Nos parece que o nascimento de João veio para aplacar a dor dos pais pela perda de
seu primeiro filho. Grande responsabilidade tem ele que cobra, a peso de ouro dos pais, por
realizar uma tarefa tão árdua. Hoje sua mãe tem o desejo de mudar de casa, mas não
consegue sair, pois tem medo que o filho se mate ou o marido a mate. Vemos a morte, mais
uma vez, direcionando os destinos dessa família. Seria a dor da separação um mito
insuportável para eles?
A mãe de João se relacionou de forma tão intensa com o filho, não deixando espaço
para o pai, pois ele poderia separar a sedução narcísica entre mãe e filho, não sendo assim
bem vindo. O pai não conseguiu ocupar seu lugar no triângulo edípico, ele sabia apenas
trabalhar para sustentar a família.
Segundo Naouri (2001) na relação mãe-bebê há uma propensão incestuosa natural
que faz parte do desejo feminino. Porém quando os pais carregam intensas questões
edípicas podem enfraquecer o engendramento positivo da sedução narcísica entre mãebebê, impossibilitando a elaboração do luto originário da separação entre mãe e filho. A
separação é associada a morte, assim como ocorre no mito de Narciso que afoga-se em si
mesmo. Como existir sem a completude do outro?
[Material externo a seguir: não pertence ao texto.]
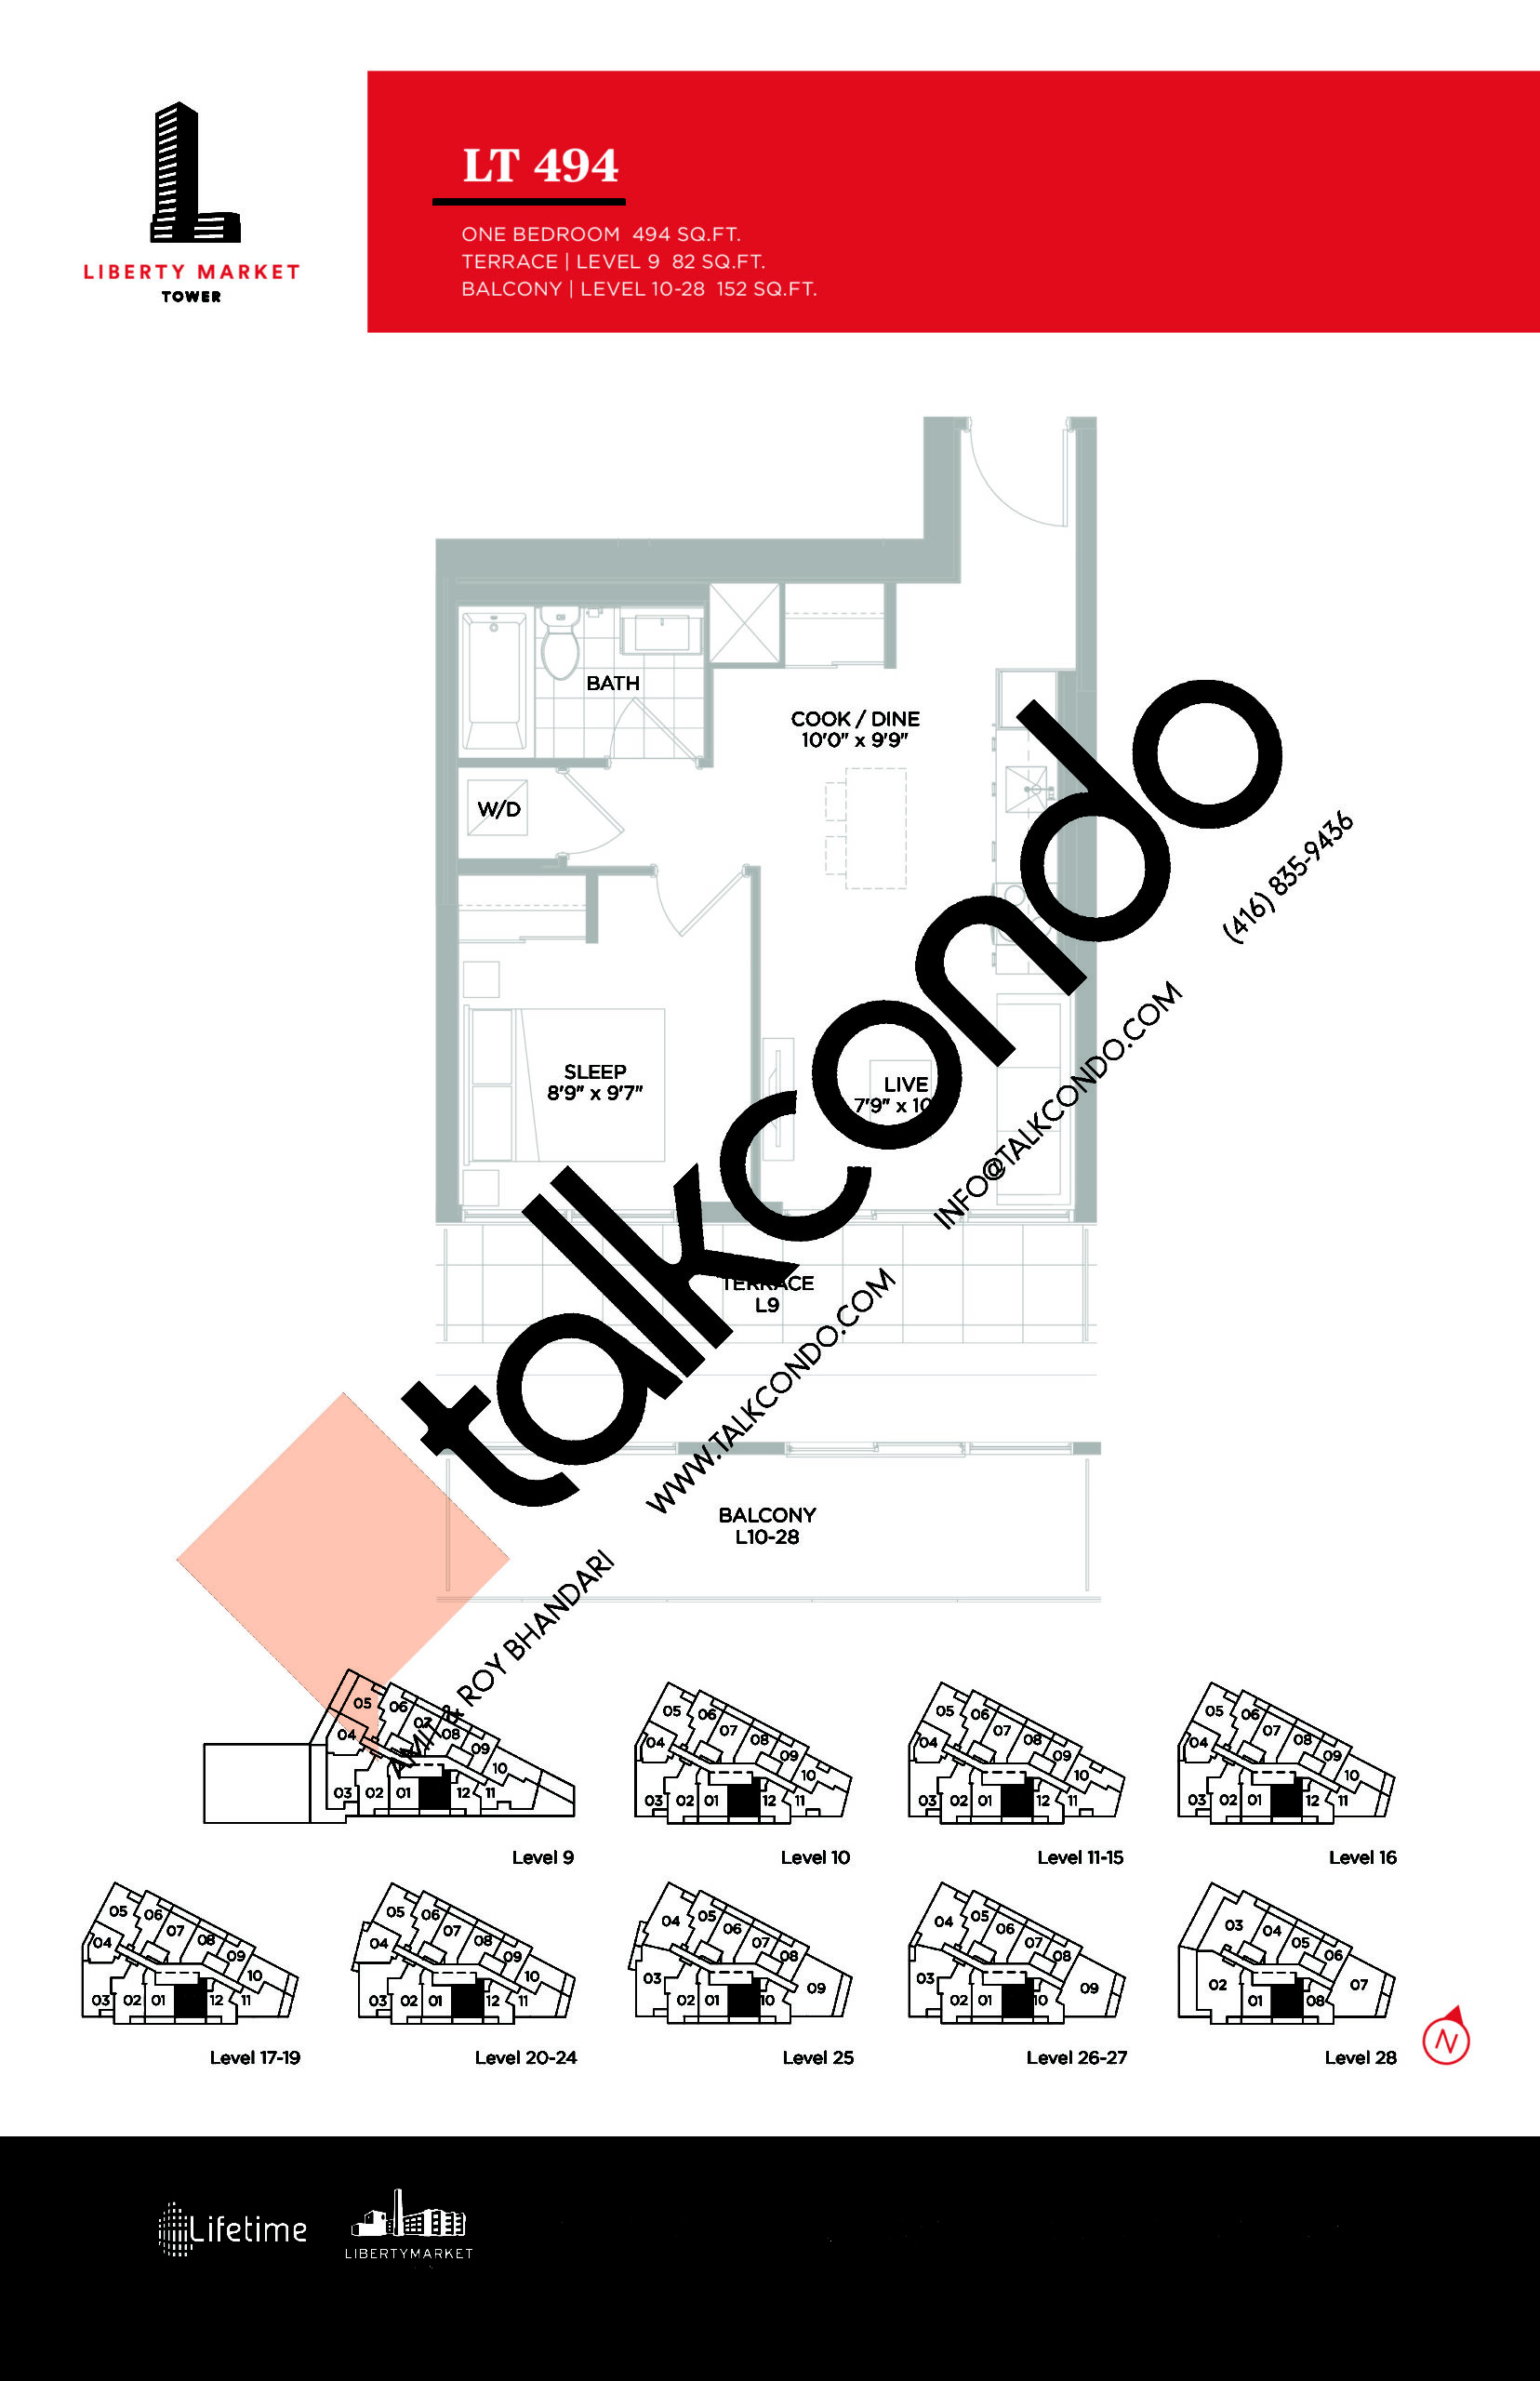 LT 494 Floor Plan at Liberty Market Tower Condos - 494 sq.ft

João ora parece querer sair dessa relação, mas tem medo de morrer, tendo o mesmo
destino de seu irmão, que não conseguiu separar-se da mãe com vida. Sua mãe, mesmo
querendo romper com essa relação com o filho, tem medo de perde-lo como perdeu
Antônio que parece ter dito “ Mãe é duro a dor do parto, mas tenho que partir”.
Assim o mito existencial de João vem carregando a dor experienciado pela
catástrofe da perda de seu irmão. Seus pais não elaboraram o luto de seu primeiro filho, o
casal ainda padece da dor da perda de Antônio, e enquanto isso, João também se encontra
imerso no seu mito existencial, que tenta, sem sucesso, aplacar a sua dor.
BIBLIOGRAFIA
BERLINCK, M. T. (Org.) Dor. São Paulo: Escuta, 1999.
FREUD, S. Neurose de transferência: uma síntese, trad. de Abram Eksterman. Rio de
Janeiro, Imago, 1914/1987.
NASIO, J.-D. O Livro da Dor e do Amor. Rio de Janeiro: Jorge Zahar Ed., 1997.
NAURI, A.Un inceste sans passage à l'acte: la relation mère-enfant. In Héritier, F: De
L'inceste. Paris.Odile Jacob.2000.
ROCHA. E. O que é mito. São Paulo: Brasiliense, 2006.